Recent high-profile cases and harrowing testimony given to public inquiries have kept the issue in the headlines.
Meanwhile alleged cover-ups continue to dog the Church, and victims groups say the Vatican has not done nearly enough to right its wrongs.
Here's what you need to know.
How did this all come to light?
Although some accusations date back to the 1950s, molestation by priests was first given significant media attention in the 1980s, in the US and Canada.
In the 1990s the issue began to grow, with stories emerging in Argentina, Australia and elsewhere. In 1995, the Archbishop of Vienna, Austria, stepped down amid sexual abuse allegations, rocking the Church there.

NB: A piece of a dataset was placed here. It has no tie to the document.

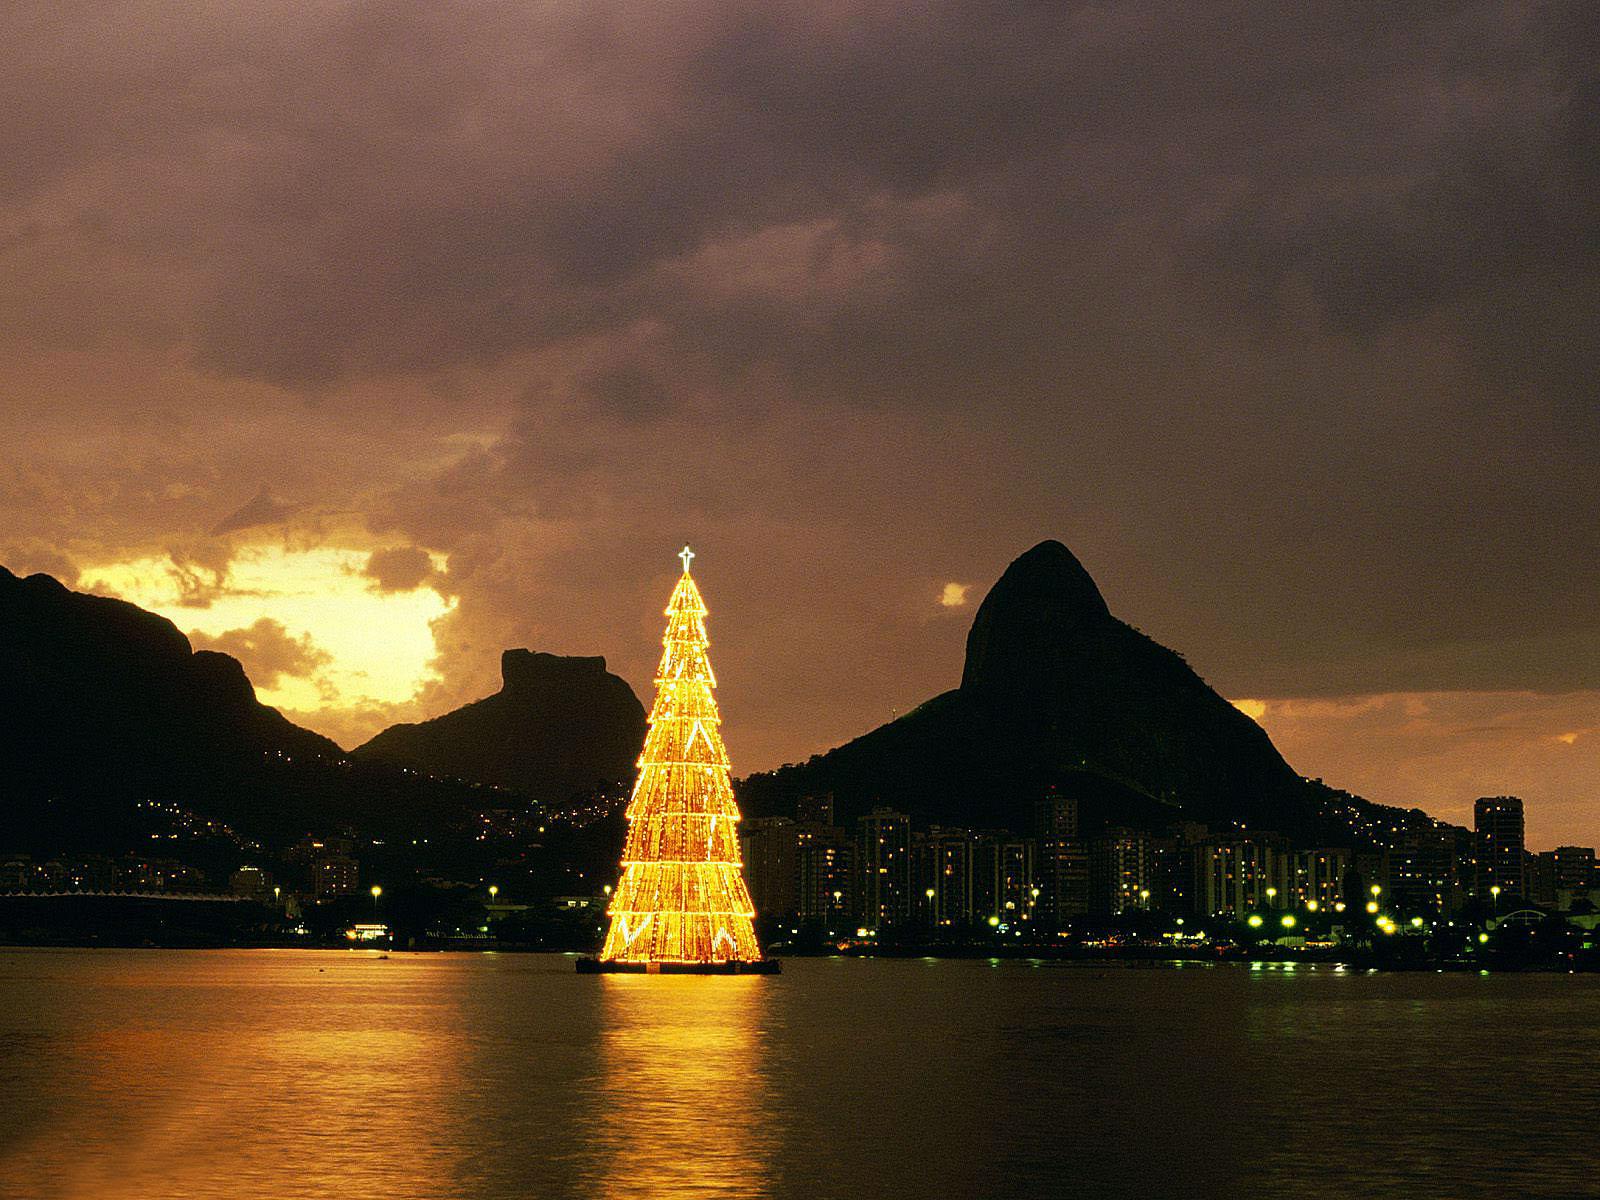 http://2.bp.blogspot.com/-mzMg9c6UbdA/T7JiKeNHbtI/AAAAAAAACzM/I4orsBpLGCk/s1600/Christmas+Lights+4.jpg

Also in that decade, revelations began of widespread historical abuse in Ireland. By the early 2000s, Church sexual abuse was a major global story.
In the US, determined reporting by the Boston Globe newspaper (as captured in the 2015 film Spotlight) exposed widespread abuse and how paedophile priests were moved around by Church leaders instead of being held accountable. It prompted people to come forward across the US and around the world.
A Church-commissioned report in 2004 said more than 4,000 US Roman Catholic priests had faced sexual abuse allegations in the last 50 years, in cases involving more than 10,000 children - mostly boys.
A 2009 report found that sexual and psychological abuse was "endemic" in Catholic-run industrial schools and orphanages in Ireland for most of the 20th Century.
World Catholic sex abuse scandals
UN: Vatican must remove abusers
A five-year Australian inquiry in 2017 found that "tens of thousands of children" were sexually abused in Australian institutions over decades, including churches, schools and sports clubs.